**EXERCISE REQUIREMENTS**:
Make an exact copy of the listing so that no picture is carried over.

**RECORDED INFORMATION**:
—————

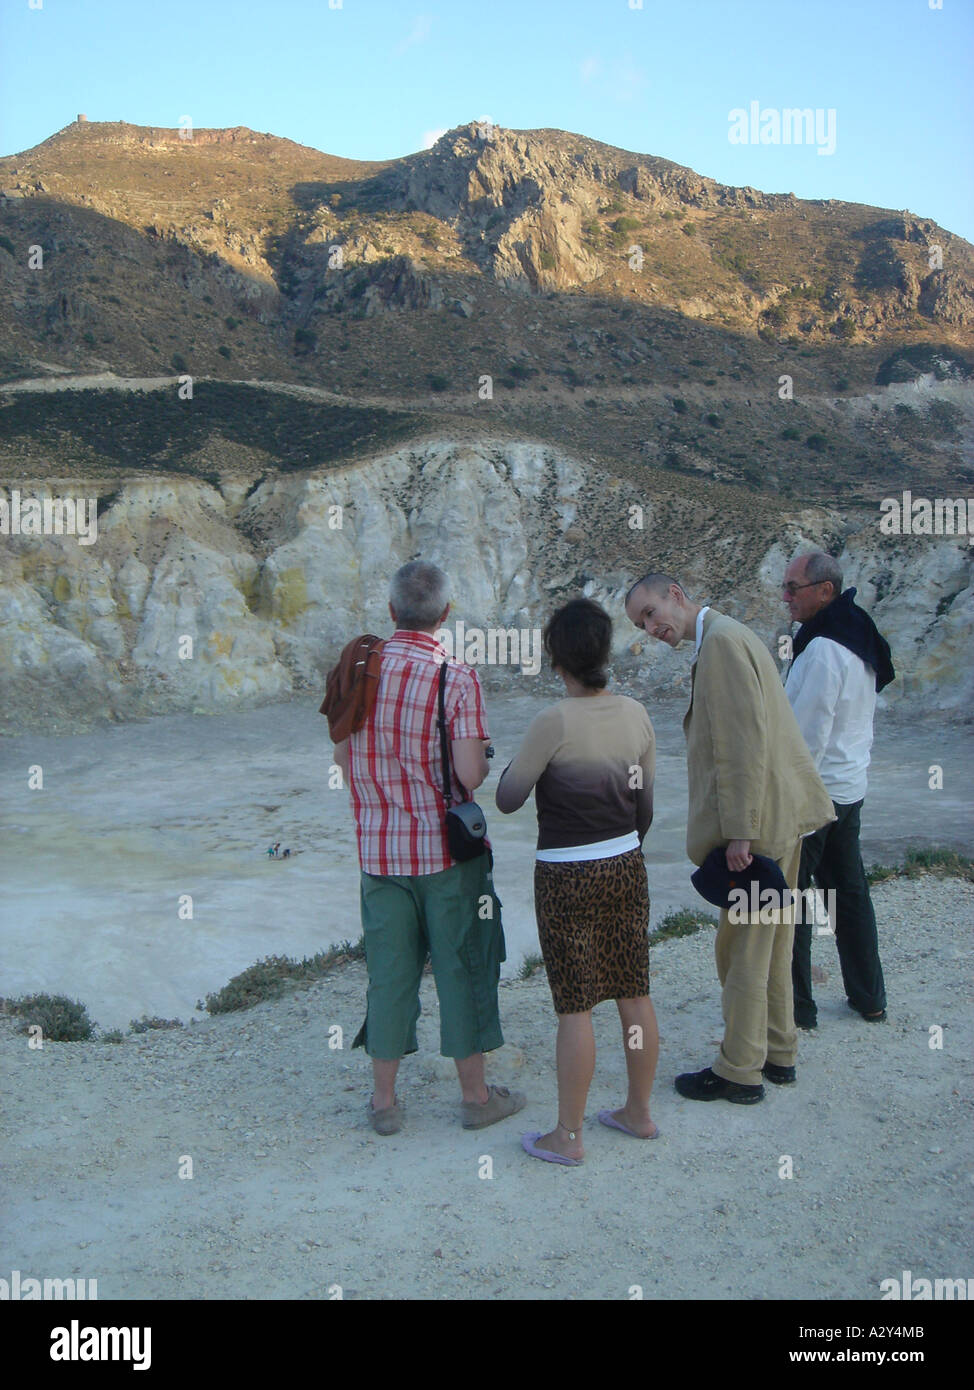 Turisti in cerca in corrispondenza del cratere del vulcano, Nissiros, Grecia, Luglio 2005 Foto Stock
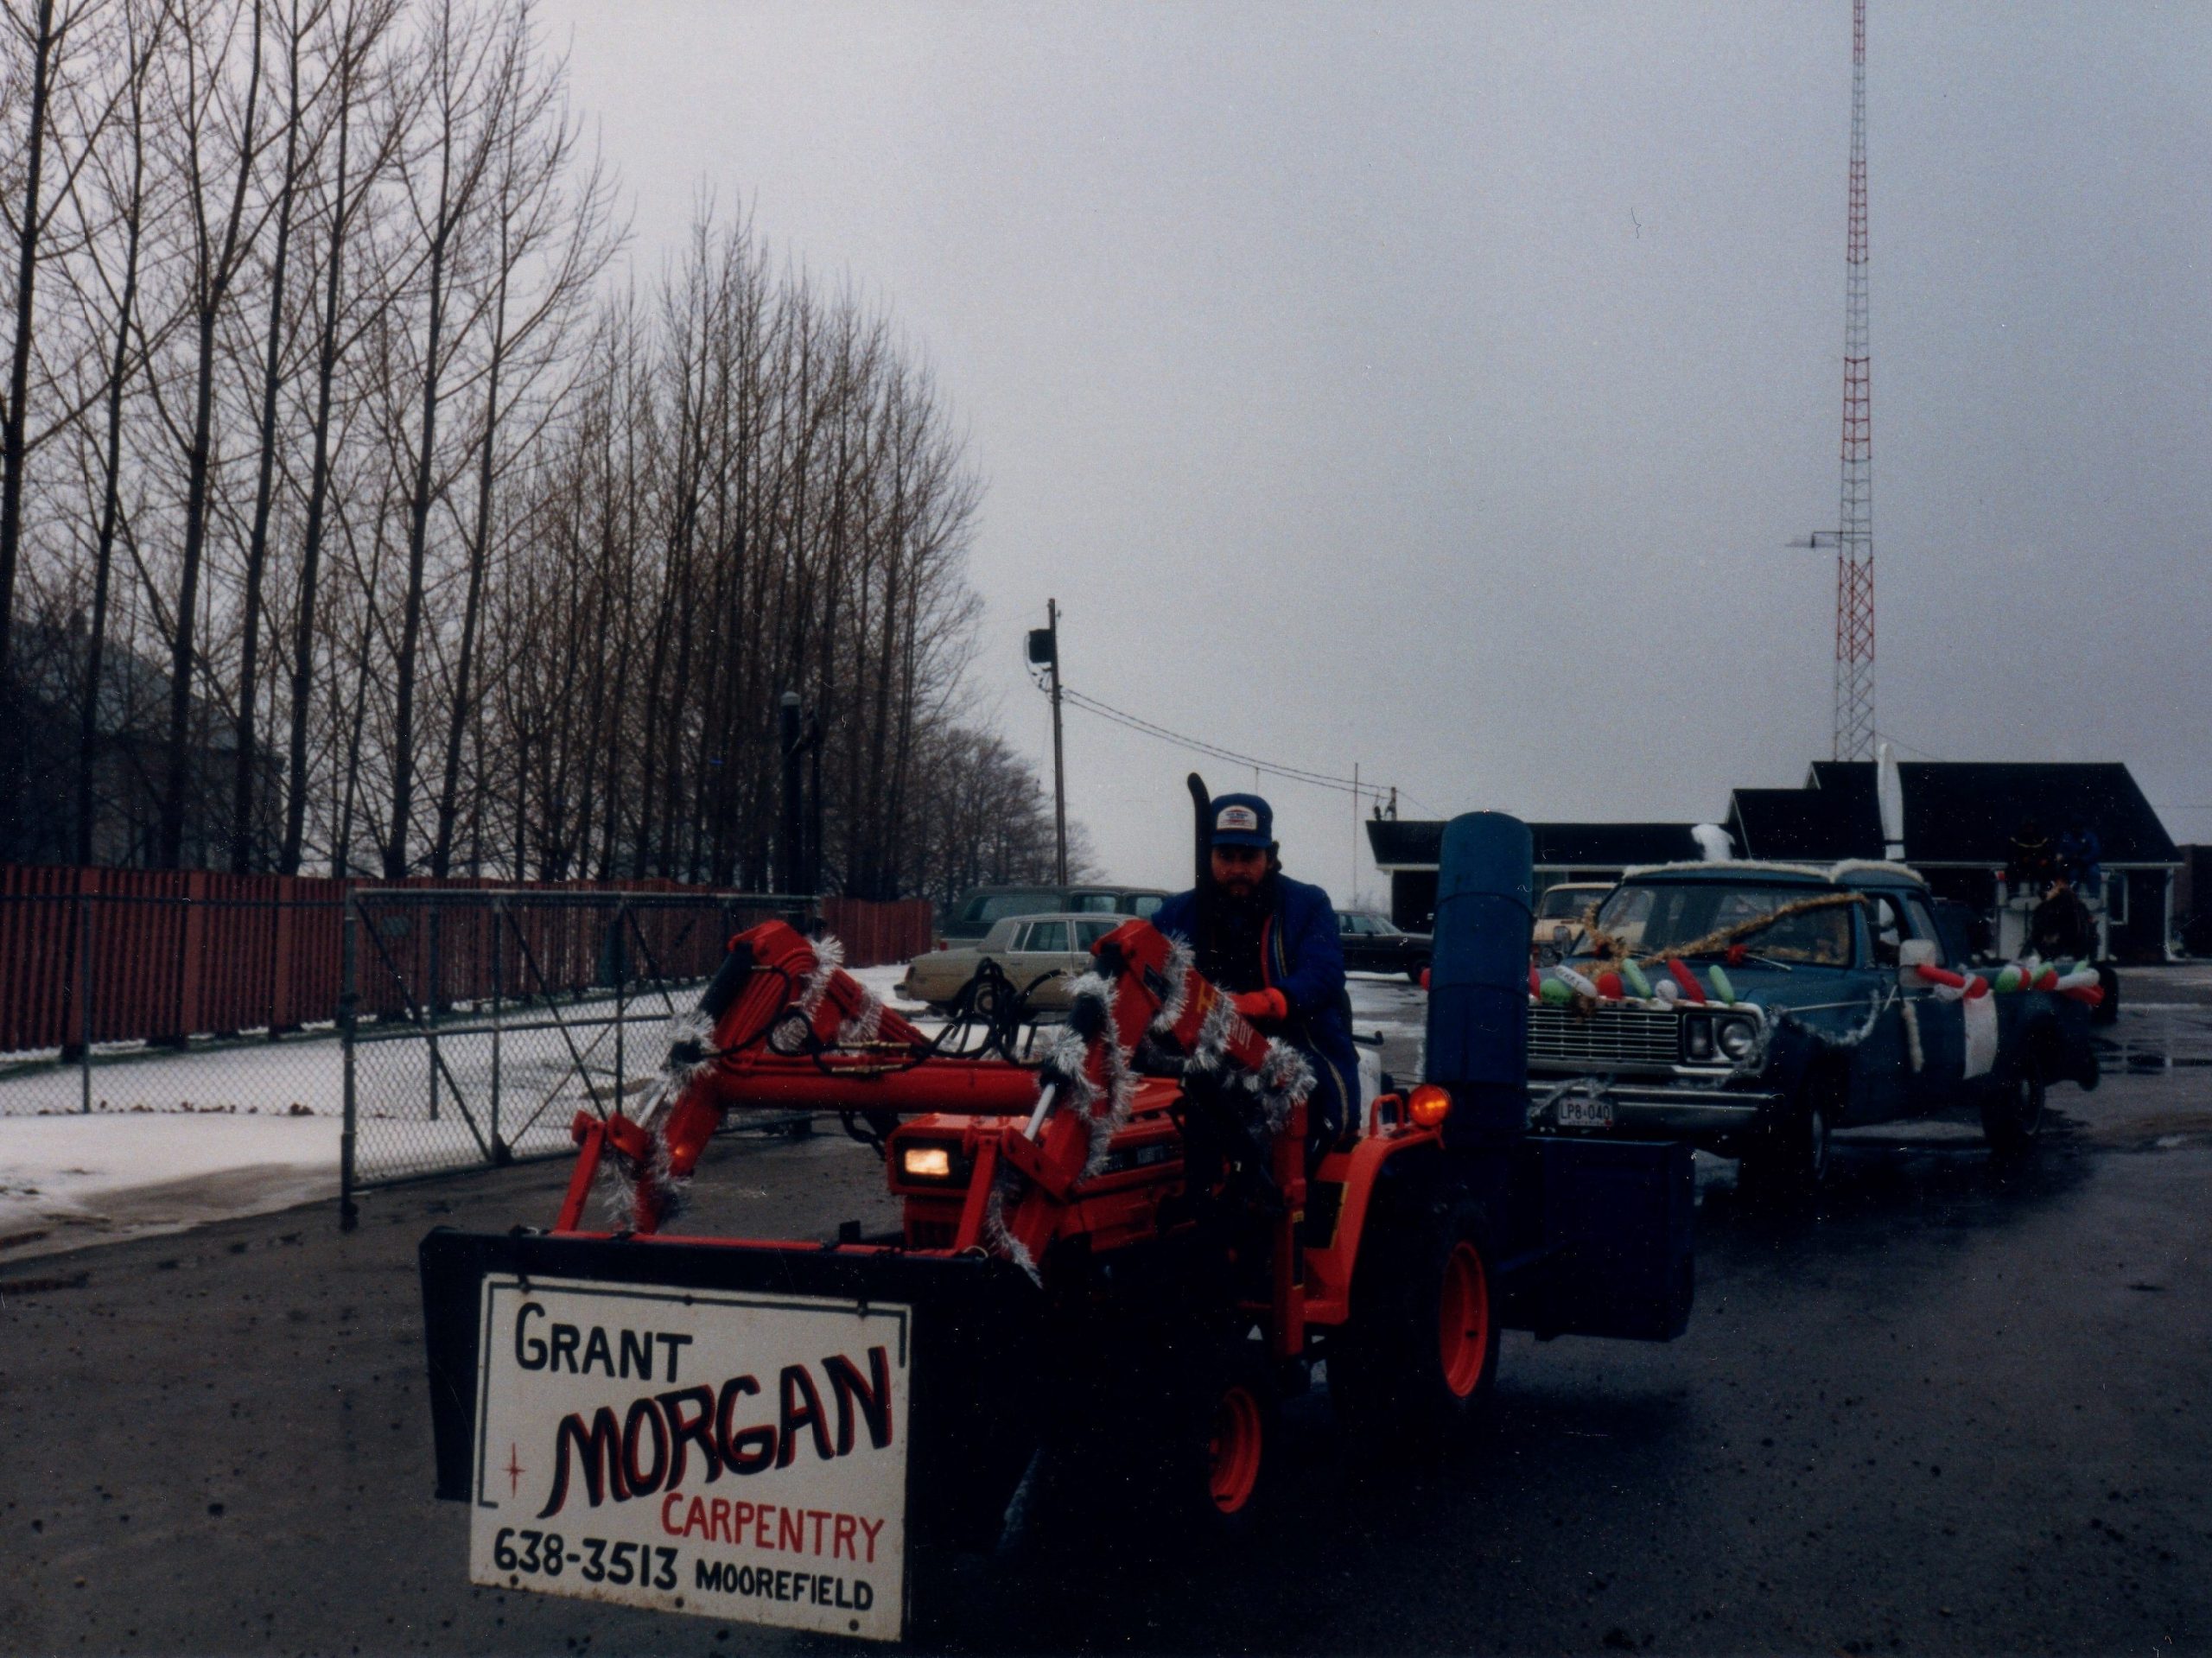 1985-Santa-Claus-Parade-Grant-Morgan-Carpentry-1
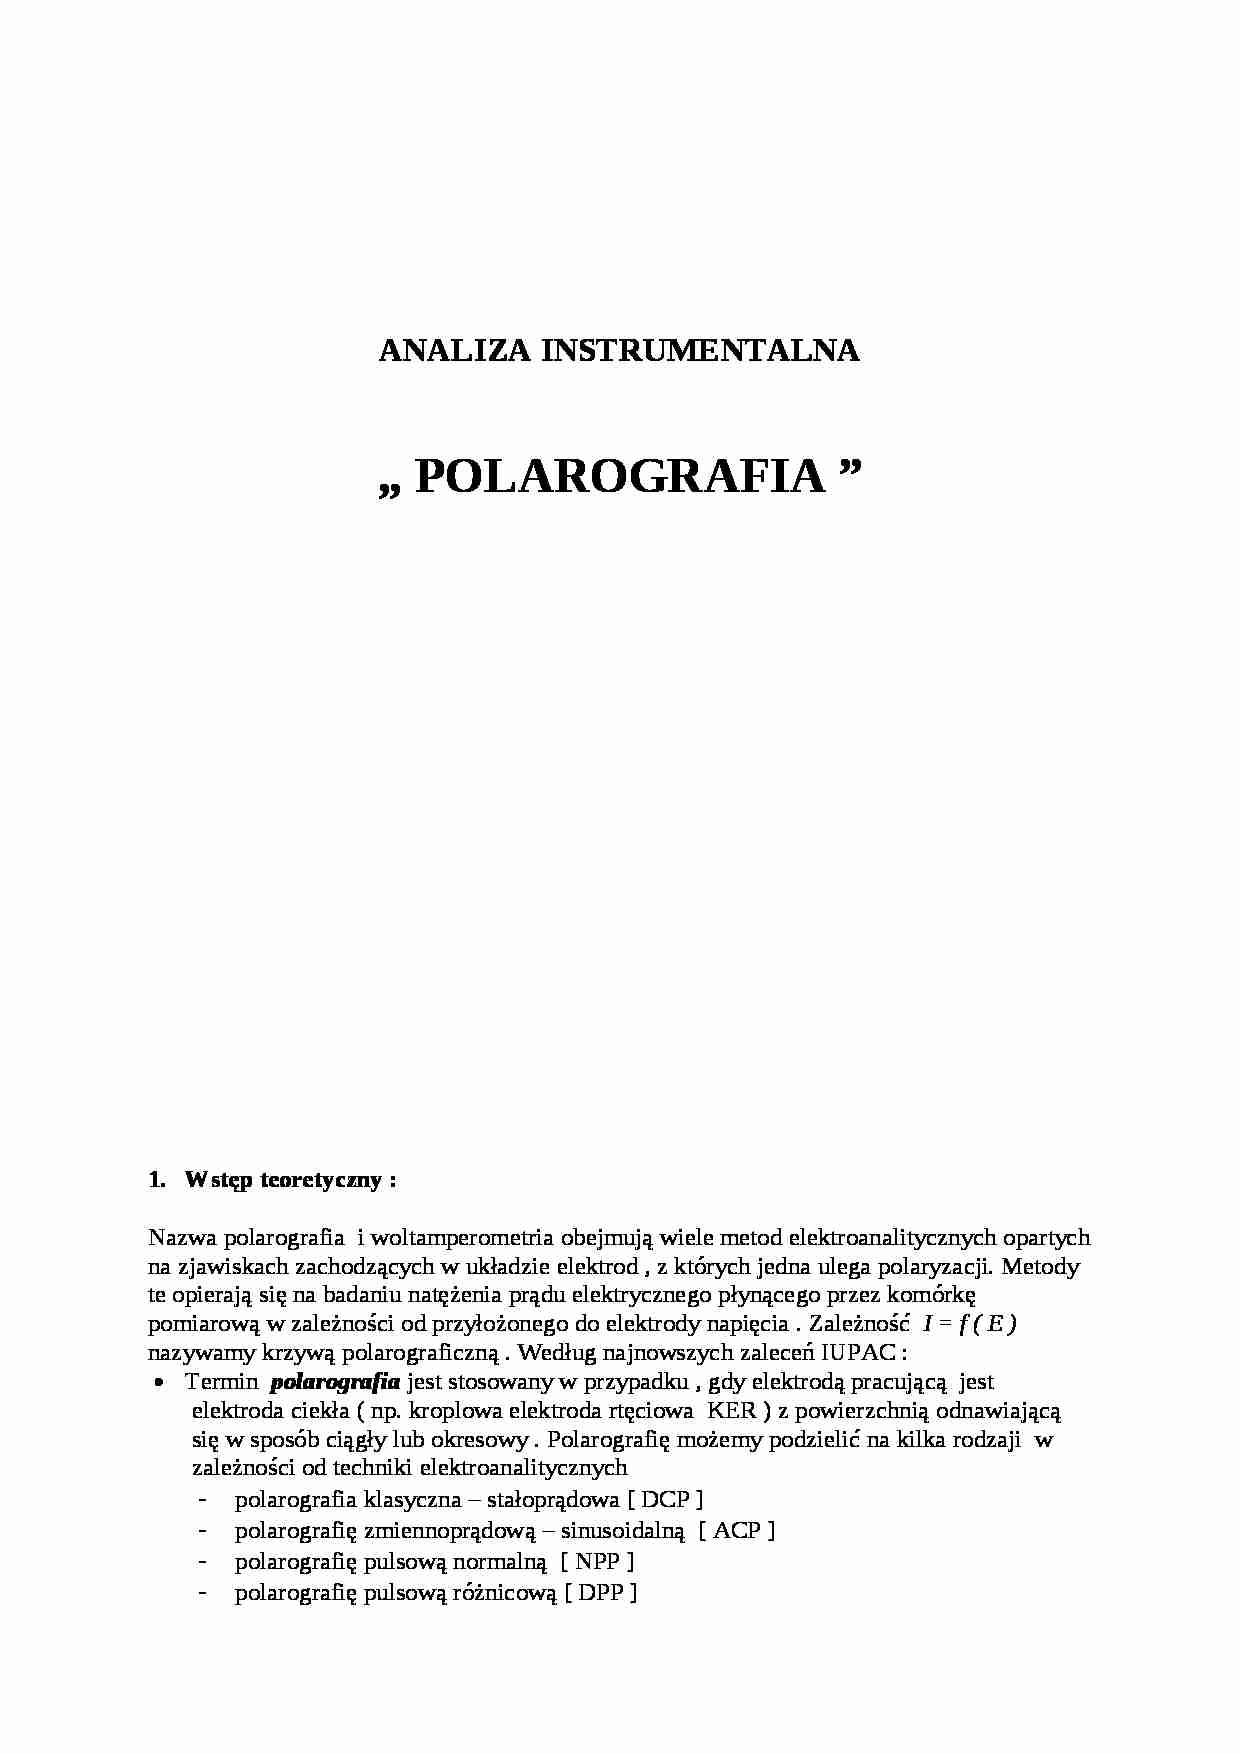 Polarografia -  omówienie zagadnienia - strona 1

—————

**OUTPUT FOR THIS EXERCISE**:
 Turisti in cerca in corrispondenza del cratere del vulcano, Nissiros, Grecia, Luglio 2005 Foto Stock
 1985-Santa-Claus-Parade-Grant-Morgan-Carpentry-1
 Polarografia -  omówienie zagadnienia - strona 1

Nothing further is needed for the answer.